Hacettepe Çocuk Hastanesi Enfeksiyon Bilim Dalı Başkanı Prof. Dr. Mehmet Ceyhan, “Yüzde 2 ölüm oranında seyreden bir virüs ile dünya nüfusunu ne kadar azaltabilirsiniz. Laboratuvarda canlı virüs üretme teknolojisine sahip biri, tüm genetik hastalıkları tedavi edecek güce erişir. Böyle bir durumda o kişi tanrılaşıp, dünyanın en zengin insanı haline gelir. Laboratuvarda canlı bir virüs üretecek, bu virüsün genlerini değiştirecek ve hayvandan insana bulaşmasını sağlayacaksınız. Bunu yapmak klavye başında twit atmak kadar kolay sanılıyor. Bir de son zamanlarda Suriyeli mülteciler nedeniyle hastalıklarda artış olduğu yönünde görüşler var. Suriyeliler’in büyük kısmı kontrol altında. Suriyeli çocuklar, Türk çocuklarındaki aşı şemasından faydalanıyor. Asıl sorun İran ve Irak sınırından kaçak yollarla Türkiye’ye giren Afgan, Pakistanli ve Iraklı mülteciler ile kaçak Afrikalılardan kaynaklanıyor.

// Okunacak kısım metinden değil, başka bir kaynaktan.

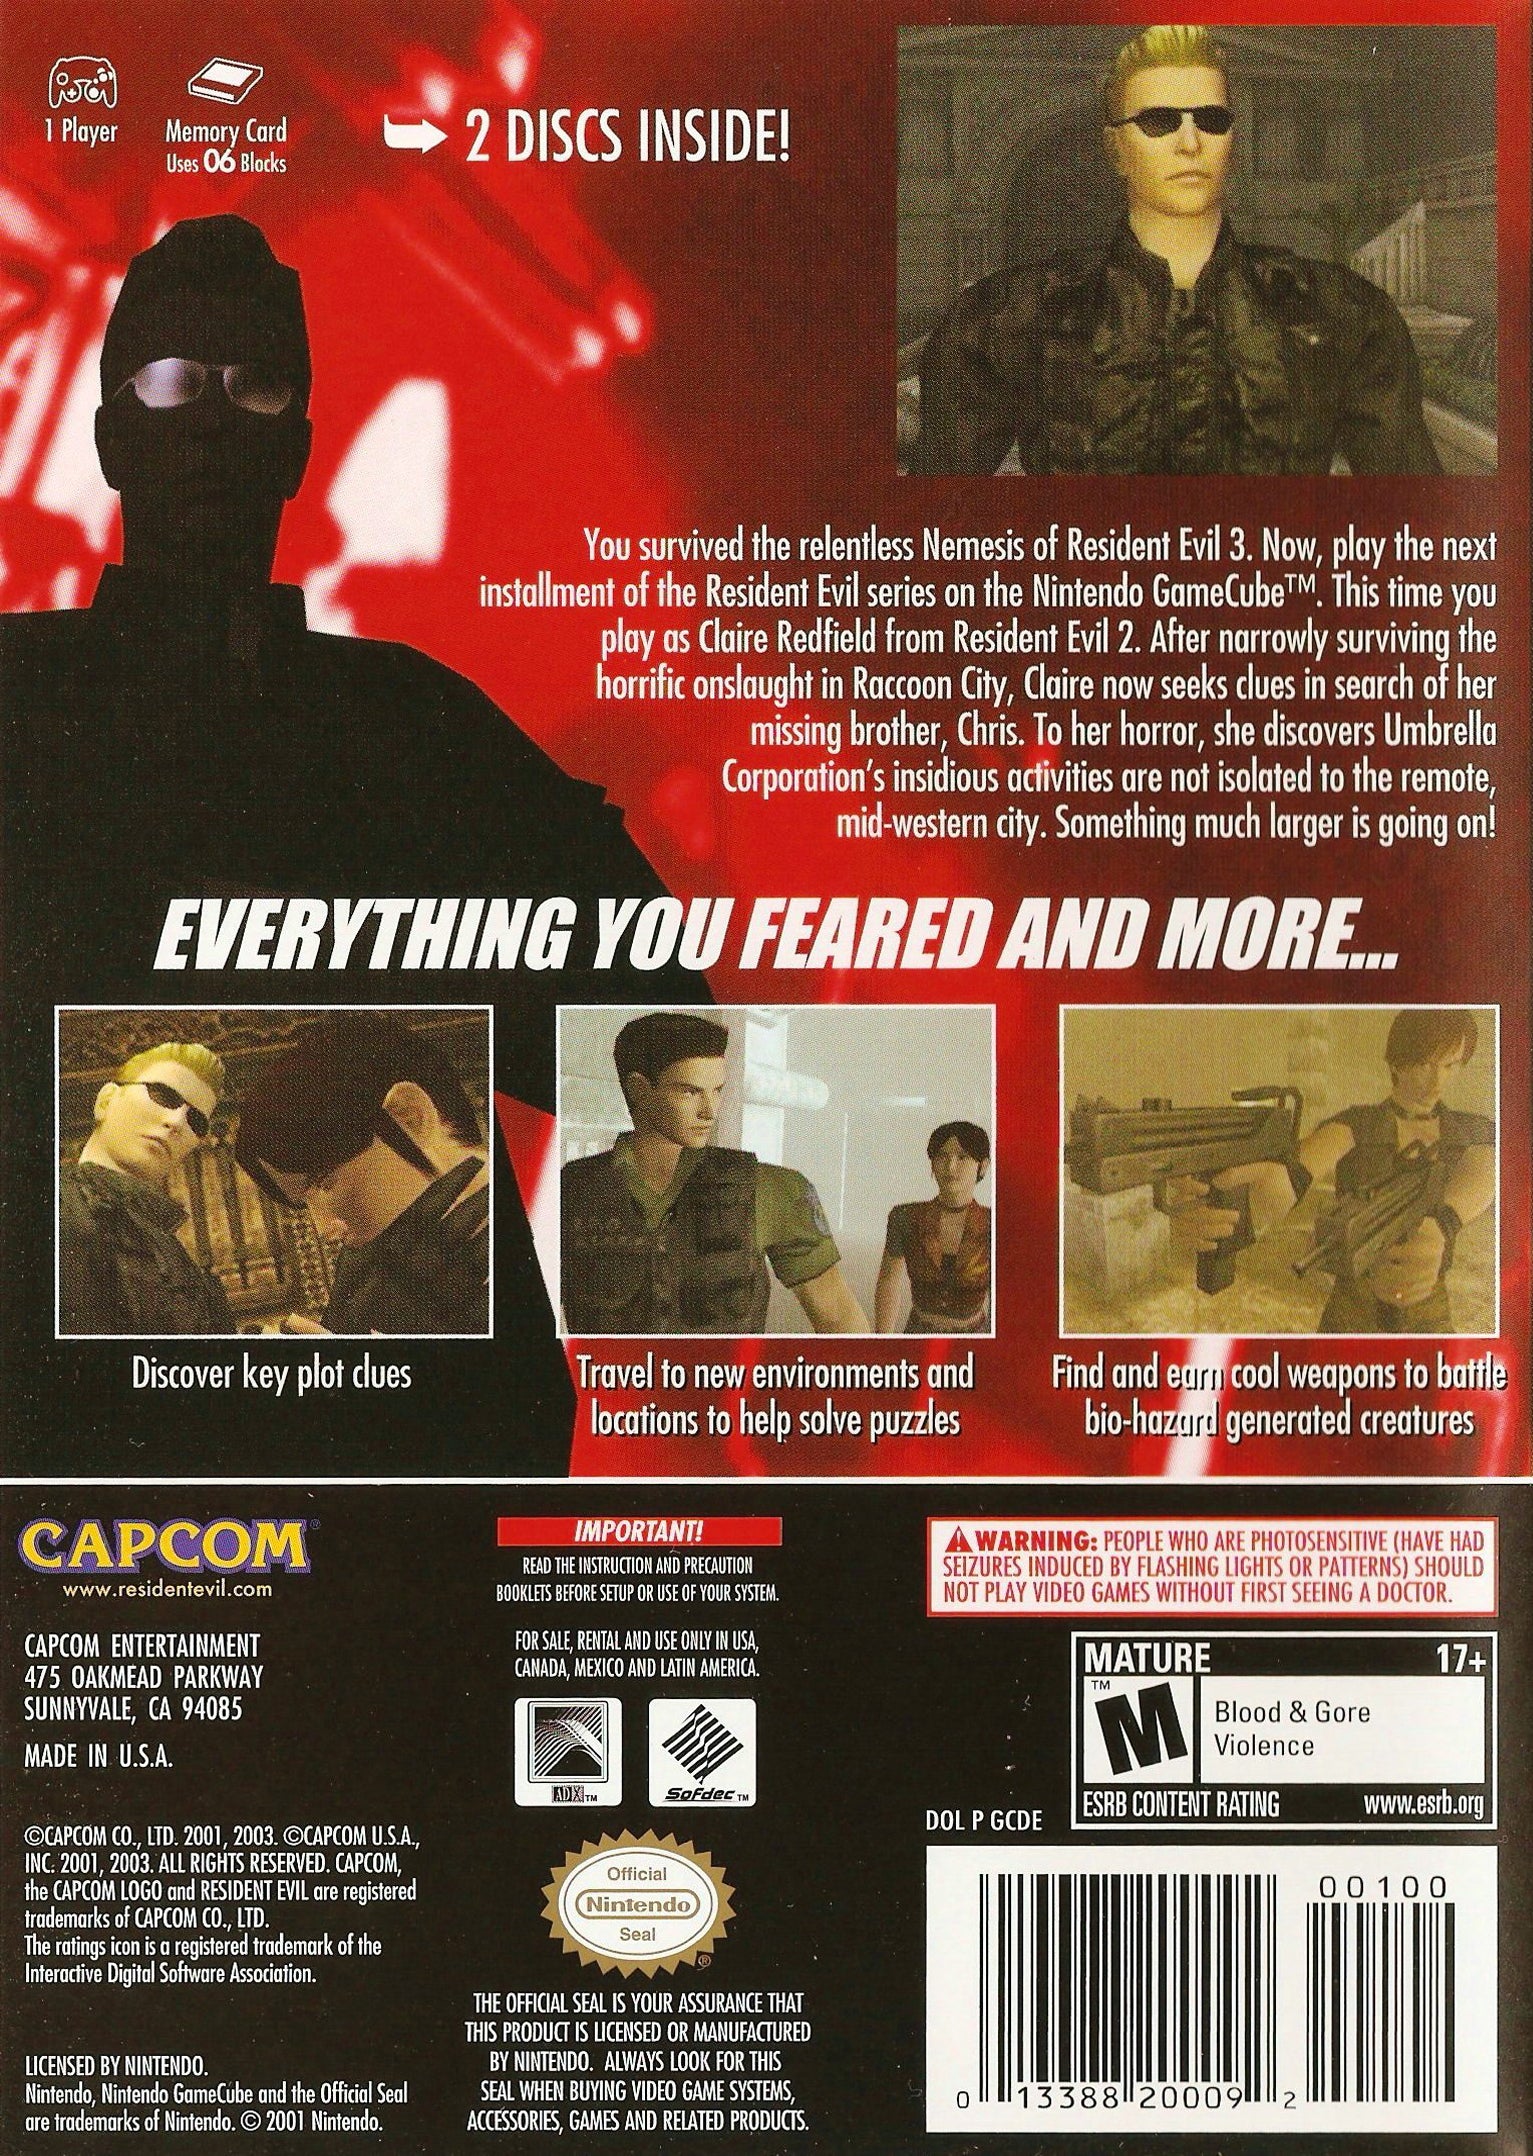 Resident Evil Code: Veronica X - (GC) GameCube [Pre-Owned] Video Games Capcom   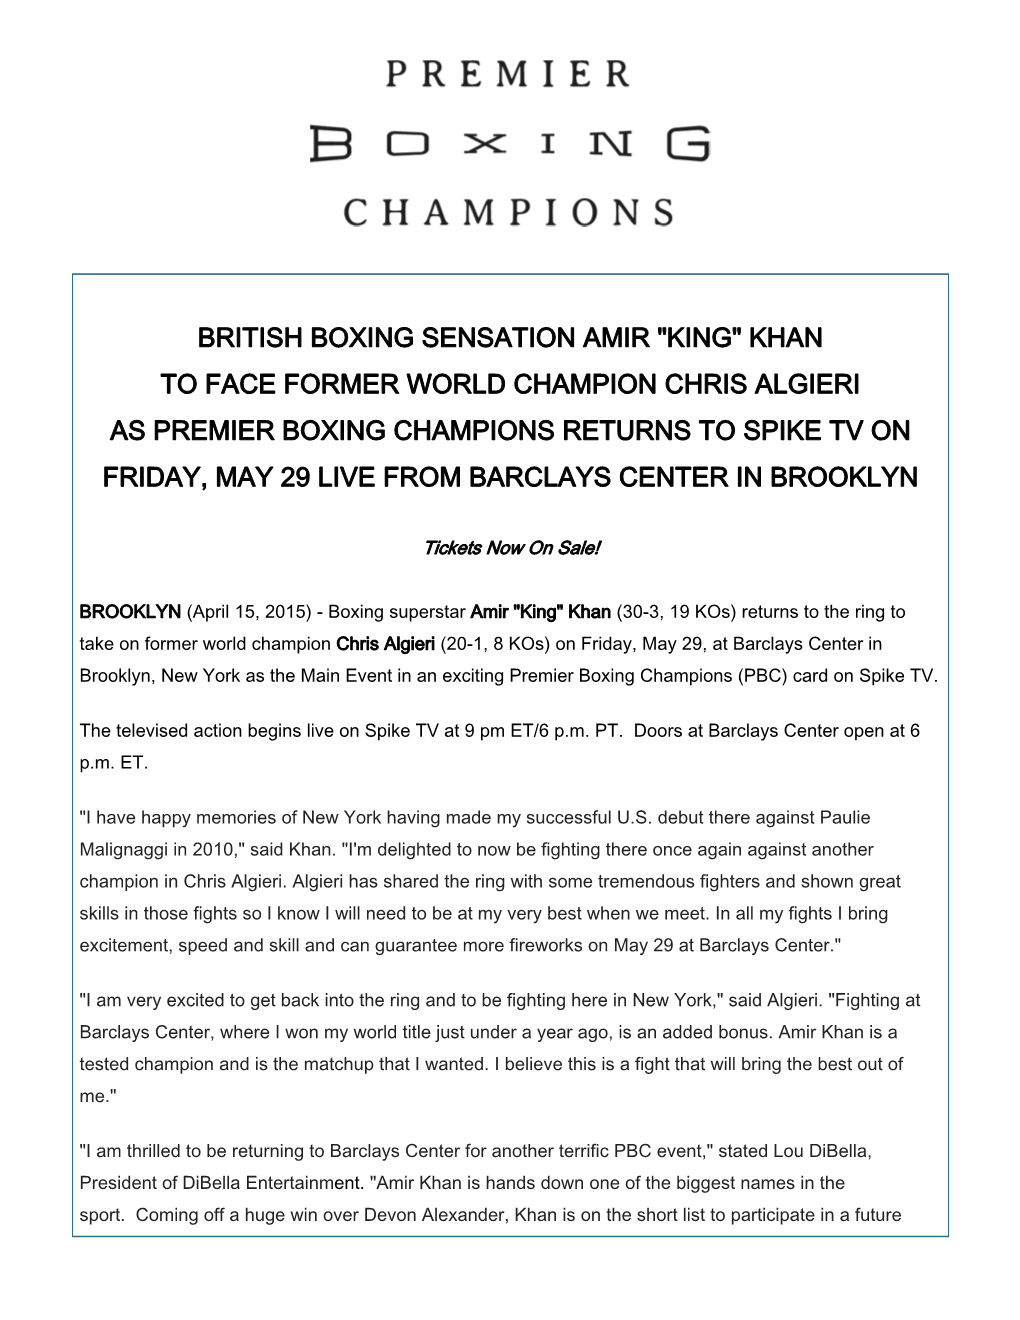 British Boxing Sensation Amir "King" Khan

Bu gruptakilerin kaydı yok ve sağlık durumları bilinmiyor. Kaçak göçmenler de bulaşıcı hastalıkların artışına yol açabiliyor. Yüzbinlerce Afgan, Pakistanlı, Iraklı ve Afrikali mülteciye düzenli bir program uygulanamıyor. Bu kaçaklar florayı bozmasalar da hastalıkları taşıyorlar. Bu gruptaki mülteciler için önlemler alınmalı ve gidişat durdurulmalı” değerlendirmesinde bulundu.
“HEPSİ ŞEHİR EFSANESİ”
Avrupa Enfeksiyon Hastalıkları Derneği Üyesi Prof. Dr. Önder Ergonal, “Laboratuvarda üretildiği iddia edilen virüs ile herhangi bir doğal ortamda ortaya çıkan virus arasinda fark var mıdır? şeklindeki yorumları duyuyoruz. Böyle bir fark söz konusu olamaz. Corona virüsün laboratuvarda üretilmesi gibi bir durum söz konusu değil. Bu tür komplolar nedense bizim ülkemizde konuşuluyor. Her virus salgın döneminde şehir efsaneleri ortaya atılıyor. Yeni Corono virüsün biyolojik silah olduğuna dair dedikodu üretenler belge ve bilgilerini ortaya koysunlar” dedi.